Unnamed: 0,State,LandArea,Density,Population,Total Hospital Beds,Total ICU Beds,0,1,2,3,...,444,445,446,447,448,449,450,451,452,453
0,Alabama,50645,97.4271,4934193,14793.0,1903.0,0.0008,0.0008,0.0009,0.0009,...,0.1117,0.1117,0.1117,0.1117,0.1117,0.1117,0.1121,0.1121,0.1123,0.1124
1,Alaska,570641,1.2694,724357,1583.0,130.0,0.0004,0.0004,0.0004,0.0004,...,0.0984,0.0985,0.0985,0.0985,0.0985,0.0985,0.0988,0.0988,0.099,0.099
2,Arizona,113594,66.2016,7520103,12590.0,1702.0,0.0005,0.0005,0.0005,0.0006,...,0.1191,0.1191,0.1192,0.1193,0.1193,0.1194,0.1195,0.1195,0.1197,0.1198
3,Arkansas,52035,58.3059,3033946,8560.0,908.0,0.0005,0.0005,0.0005,0.0005,...,0.1154,0.1156,0.1156,0.1156,0.116,0.1161,0.1164,0.1168,0.1172,0.1172
4,California,155779,254.2929,39613493,68074.0,8105.0,0.0006,0.0006,0.0007,0.0007,...,0.0964,0.0964,0.0964,0.0965,0.0965,0.0965,0.0966,0.0967,0.0967,0.0968


In [8]:
# Select only useful columns in predicting regression model : State, Density, Total Hospital Beds, Day 448 anf 453
data=pd.DataFrame(data_2['Density'])
data['Total Hospital Beds']=data_2['Total Hospital Beds']
data['Lag 5']=data_2.iloc[:,448]
data['Confirmed(%)']=data_2.iloc[:,453]

In [9]:
# Add Cluster
data['Cluster']=kmeans.labels_

In [10]:
data['Cluster'].value_counts()

1    35
0    11
2     4
Name: Cluster, dtype: int64

In [11]:
data.head()

Unnamed: 0,Density,Total Hospital Beds,Lag 5,Confirmed(%),Cluster
0,97.4271,14793.0,0.1116,0.1117,1
1,1.2694,1583.0,0.0983,0.0985,1
2,66.2016,12590.0,0.1189,0.1193,1
3,58.3059,8560.0,0.1149,0.1156,1
4,254.2929,68074.0,0.0964,0.0965,2


In [12]:
# DataFrame grouped by Clusters
data0=data[data['Cluster']==0]
data1=data[data['Cluster']==1]
data2=data[data['Cluster']==2]

In [13]:
print(len(data0))
print(len(data1))
print(len(data2))

11
35
4


In [14]:
data0.drop(['Cluster'],axis=1,inplace=True)
data1.drop(['Cluster'],axis=1,inplace=True)
data2.drop(['Cluster'],axis=1,inplace=True)

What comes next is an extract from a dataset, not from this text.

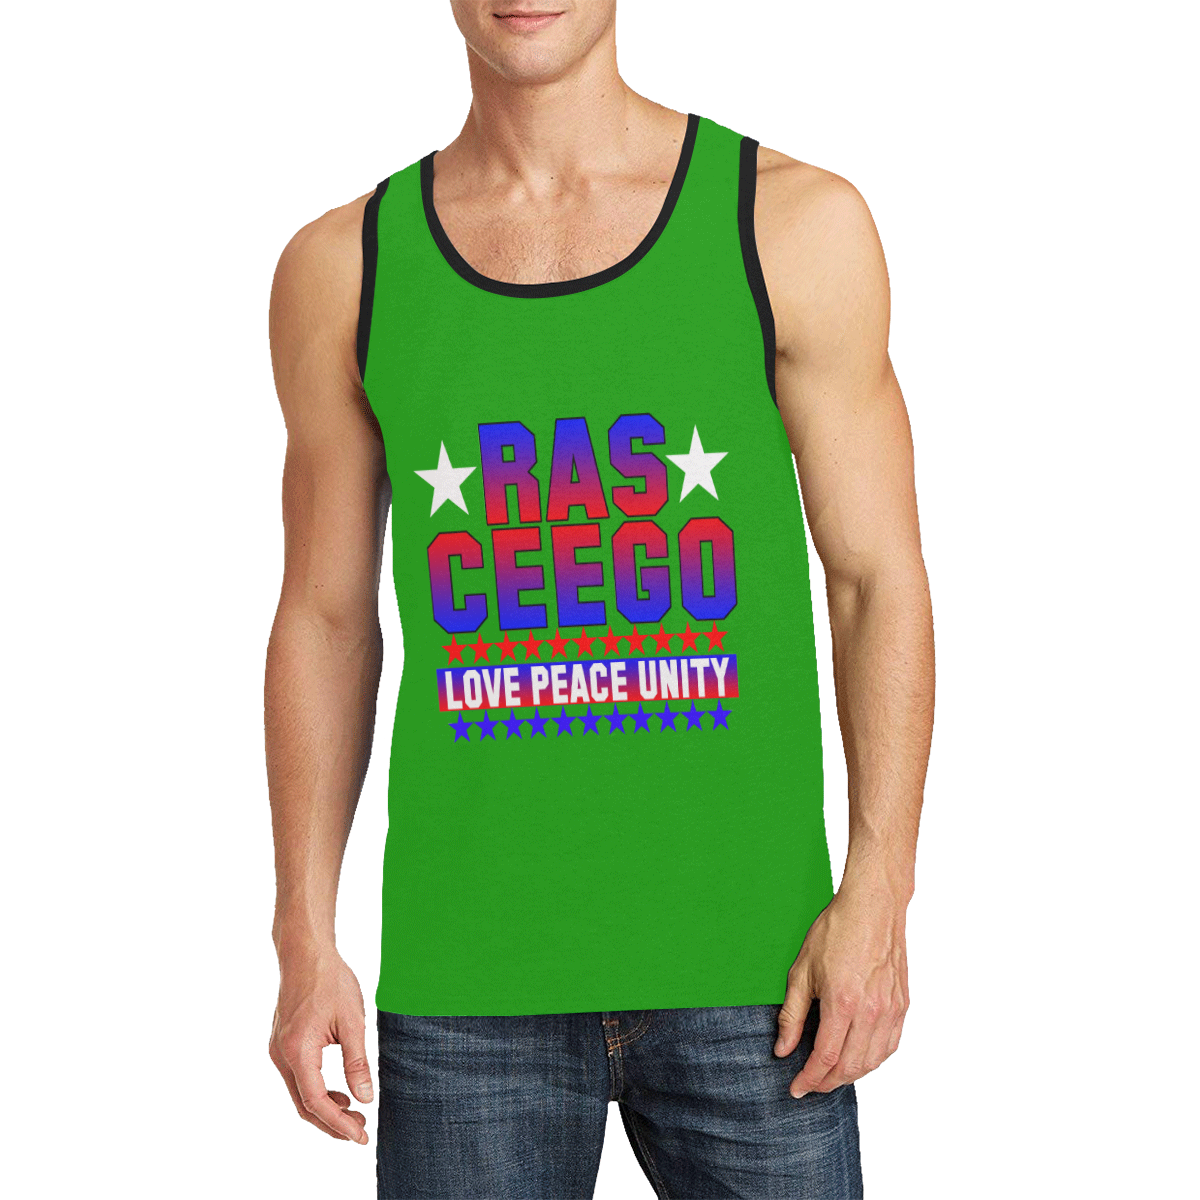 Ras CeeGo green red white blue Men's All Over Print Tank Top (Model T57)

A value is trying to be set on a copy of a slice from a DataFrame

See the caveats in the documentation: https://pandas.pydata.org/pandas-docs/stable/user_guide/indexing.html#returning-a-view-versus-a-copy
  return super().drop(


**(1) cluster = 0**

In [15]:
from sklearn.linear_model import LinearRegression

X_features=data0.drop(['Confirmed(%)'],axis=1)
y_target=data0['Confirmed(%)']

linear_reg0=LinearRegression()
linear_reg0.fit(X_features,y_target)

LinearRegression()

In [16]:
linear_reg0.coef_

array([-1.99169667e-07, -7.74848263e-09,  9.99092435e-01])

**(2) cluster = 1**

In [17]:
X_features=data1.drop(['Confirmed(%)'],axis=1)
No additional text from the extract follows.